Буду, однако, продолжать рассказ о событиях предшествующего дня (8-го ноября). Поутру принц Брауншвейгский, выехав из своего дворца в первый раз после восьмидневного заключения, посетил герцога в Летнем дворце, с одной стороны, по собственной воле, предполагая, что посещение его будет хорошо принято, но, с другой стороны, и потому, что, нигде не видя его, простой народ стал выражать недоумение и роптать. Из Летнего дворца принц вместе с герцогом посетили младенца царя, а затем принцессу Анну Леопольдовну; от нее же они опять вместе отправились в прилегающий ко дворцу манеж герцога. После всего этого принц возвратился в Зимний дворец, а герцог, заехав по дороге к брату, генералу Бирону, – в Летний дворец к обеду. Кроме регента и его семьи за стол сели фельдмаршал Миних со всей семьей и президент коммерц-коллегии Менгден, тоже с семьей.

Рассказывают, будто герцог, разъезжая поутру, заметил, что на улицах очень мало народу. Это произвело на него сильное впечатление, которым он и поделился с собеседниками. Даже те, которых герцогу удалось встретить, все имели вид печальный, удрученный, мрачный, будто недовольный. Герцог имел слабость приписать это явление неудовольствию против поведения герцога Брауншвейгского, не подозревая, что долю общего уныния можно бы отнести и на счет регентства. Присутствующие, само собой разумеется, отвечали, что все это или ничего не доказывает, или же должно быть приписано печали народной вследствие кончины ее величества. Тем не менее во все время обеда герцог оставался очень задумчивым и молчаливым, а когда встали из-за стола, фельдмаршал откланялся, хотя семья его еще осталась во дворце. Граф приехал домой, а вечером еще раз посетил Анну Леопольдовну, дабы спросить, не имеет ли она сделать каких-либо распоряжений, так как план его созрел и он намерен выполнить его в ту же ночь. Принцесса поражена была этой быстротой, важностью принятых решений и хотела расспросить – как фельдмаршал думает действовать. Он просил извинения, во-первых, в том, что уклонится от объяснений, а во-вторых, в том, что разбудит принцессу и потревожит в три часа ночи. Подумав с минуту, ее высочество сказала: «Отдаю себя, мужа, сына вполне в ваши руки и полагаюсь на вас. Да направит вас и сохранит нас всех милость божия!»

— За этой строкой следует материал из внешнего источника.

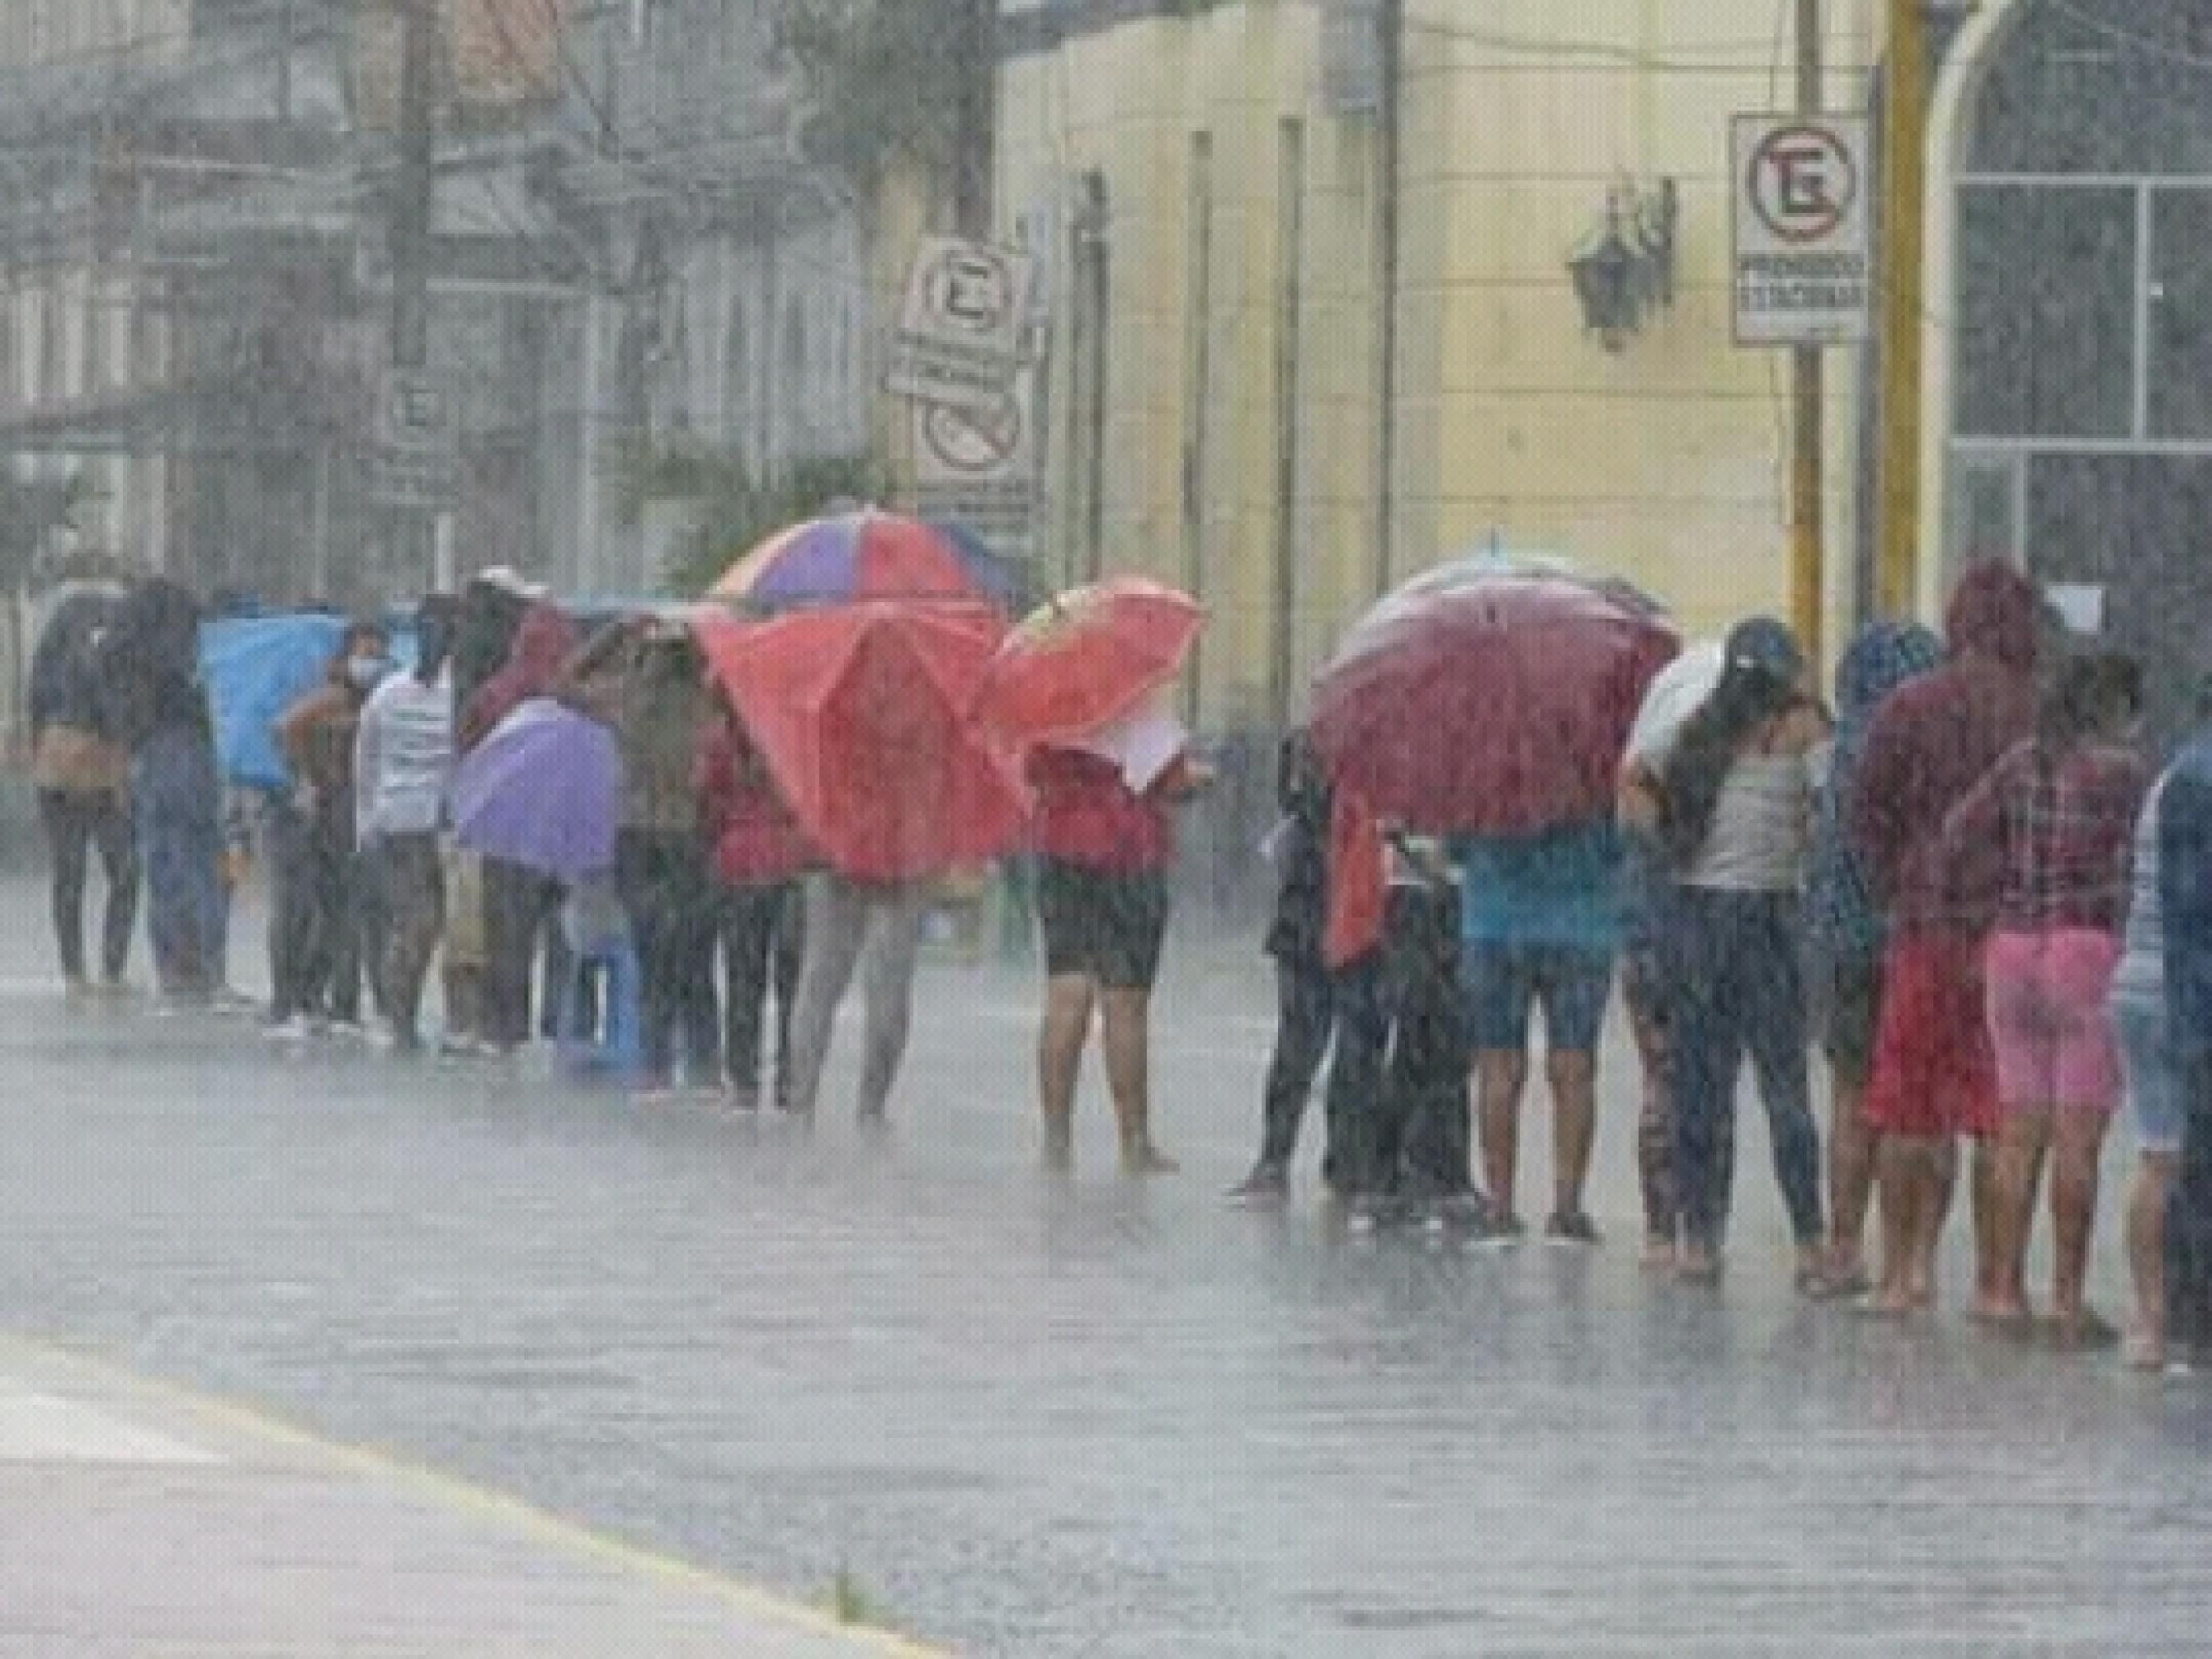 Auf einer Strasse im Regen sieht man eine Schlange von Menschen, viele mit aufgespannten Regenschirmen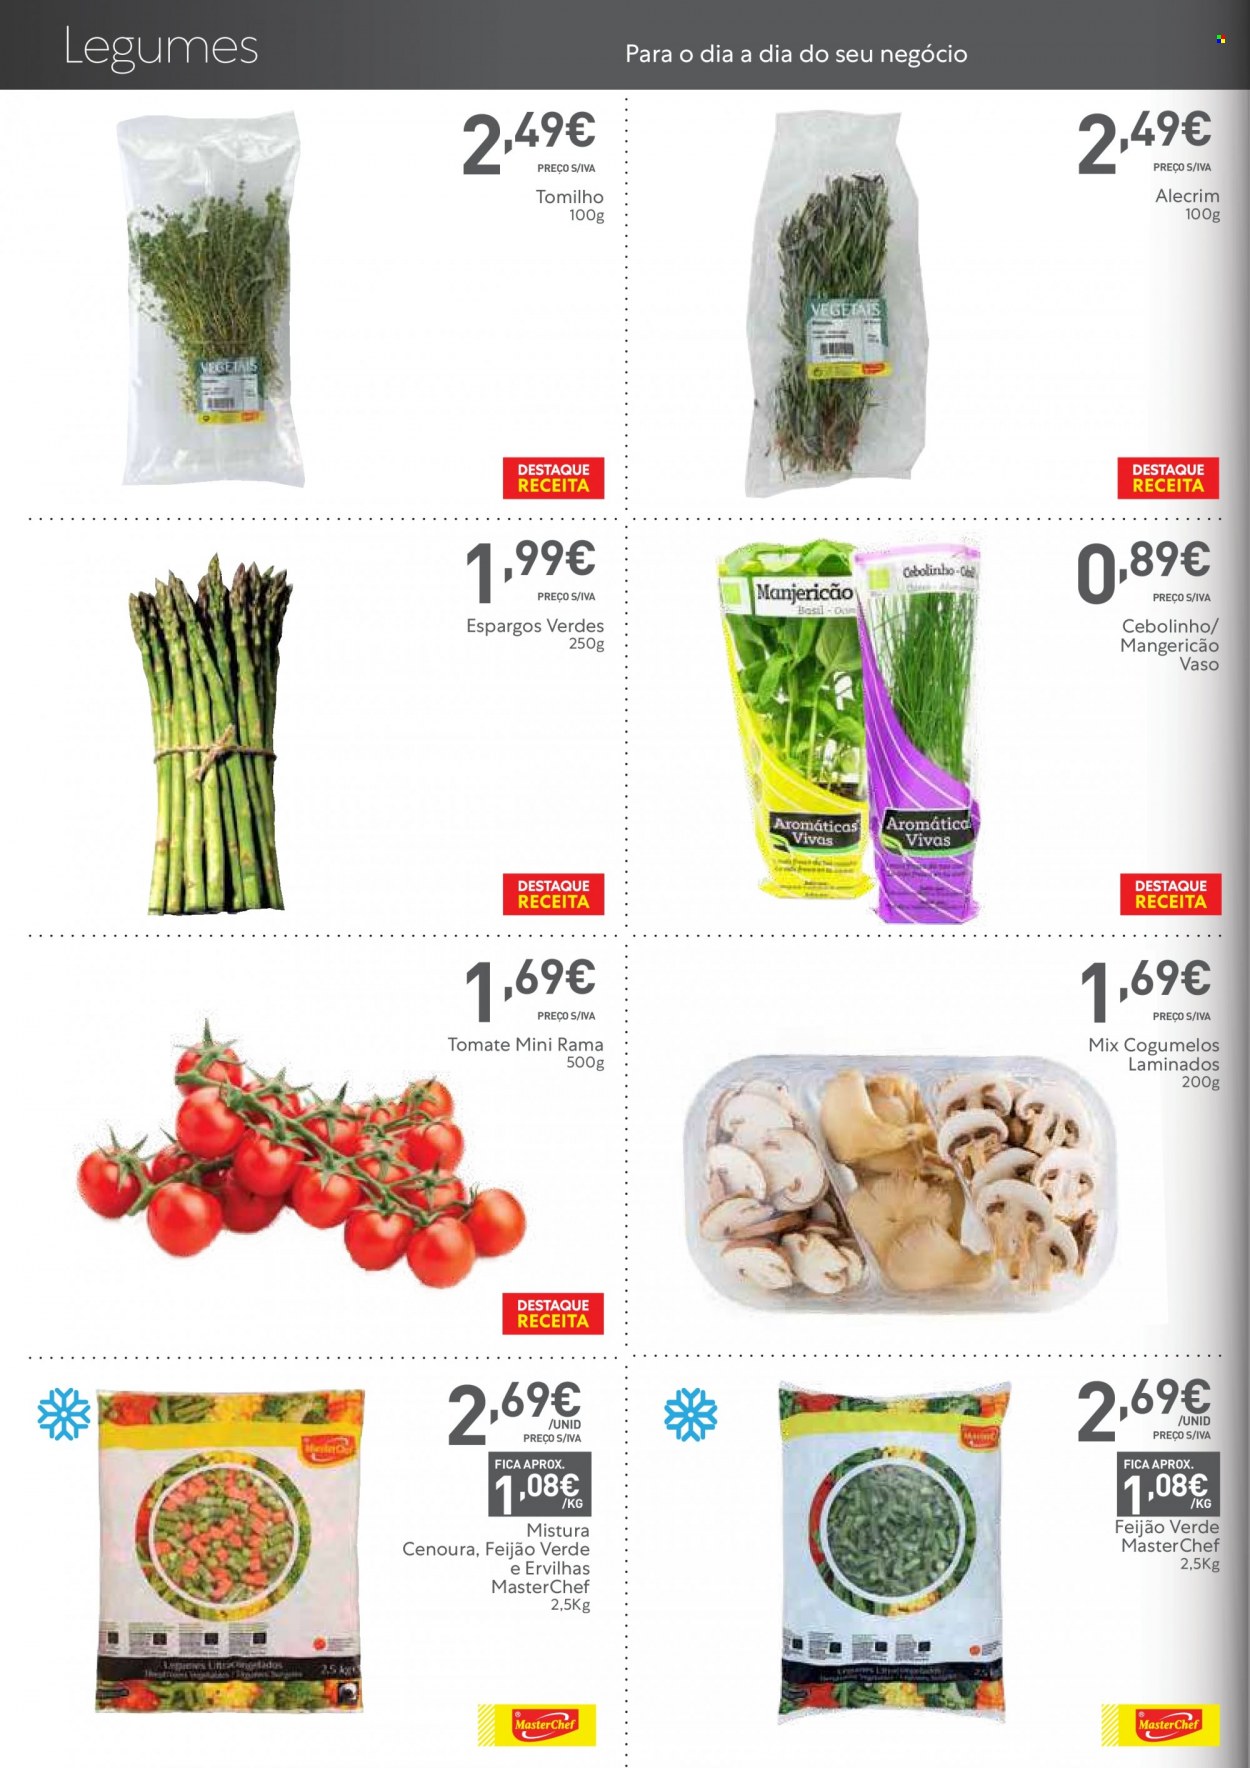 thumbnail - Folheto Recheio - 16.9.2021 - 6.10.2021 - Produtos em promoção - ervilha, aspargo, feijão verde, legumes, feijão, espargos, cogumelo. Página 6.

От принцессы фельдмаршал вместе с графом Левенвольде отправился ужинать к герцогу, которого нашли все еще задумчивым; он жаловался на упадок духа, на подавленность, неловкость, которой не ощущал до сих пор никогда в жизни. Оба гостя отвечали, что это легкое расстройство, которое пройдет после спокойной ночи. Тем не менее за ужином и затем в течение всего вечера обыкновенно довольно болтливый герцог едва ли вымолвил слово. Чтобы сколько-нибудь оживить присутствующих и поддержать разговор, фельдмаршал стал рассказывать о сражениях, о делах, в которых бывал в течение сорокалетней службы. Под конец граф Левенвольде совершенно ненамеренно спросил его, случалось ли ему быть в деле ночью? Странность такого несвоевременного вопроса при данных обстоятельствах несколько поразила фельдмаршала, но он скоро пришел в себя и, оправившись, отвечал с напускным равнодушием, что при множестве дел, в которых ему довелось бывать, конечно, находилась работа для любого часа суток, так как время схватки нередко зависит от неприятеля. Граф рассказывал мне, будто герцог, лежавший на диване, при вопросе графа Левенвольде несколько приподнялся и, опираясь на локоть, поддерживая голову рукою, оставался в этой позе и в глубокой задумчивости с четверть часа.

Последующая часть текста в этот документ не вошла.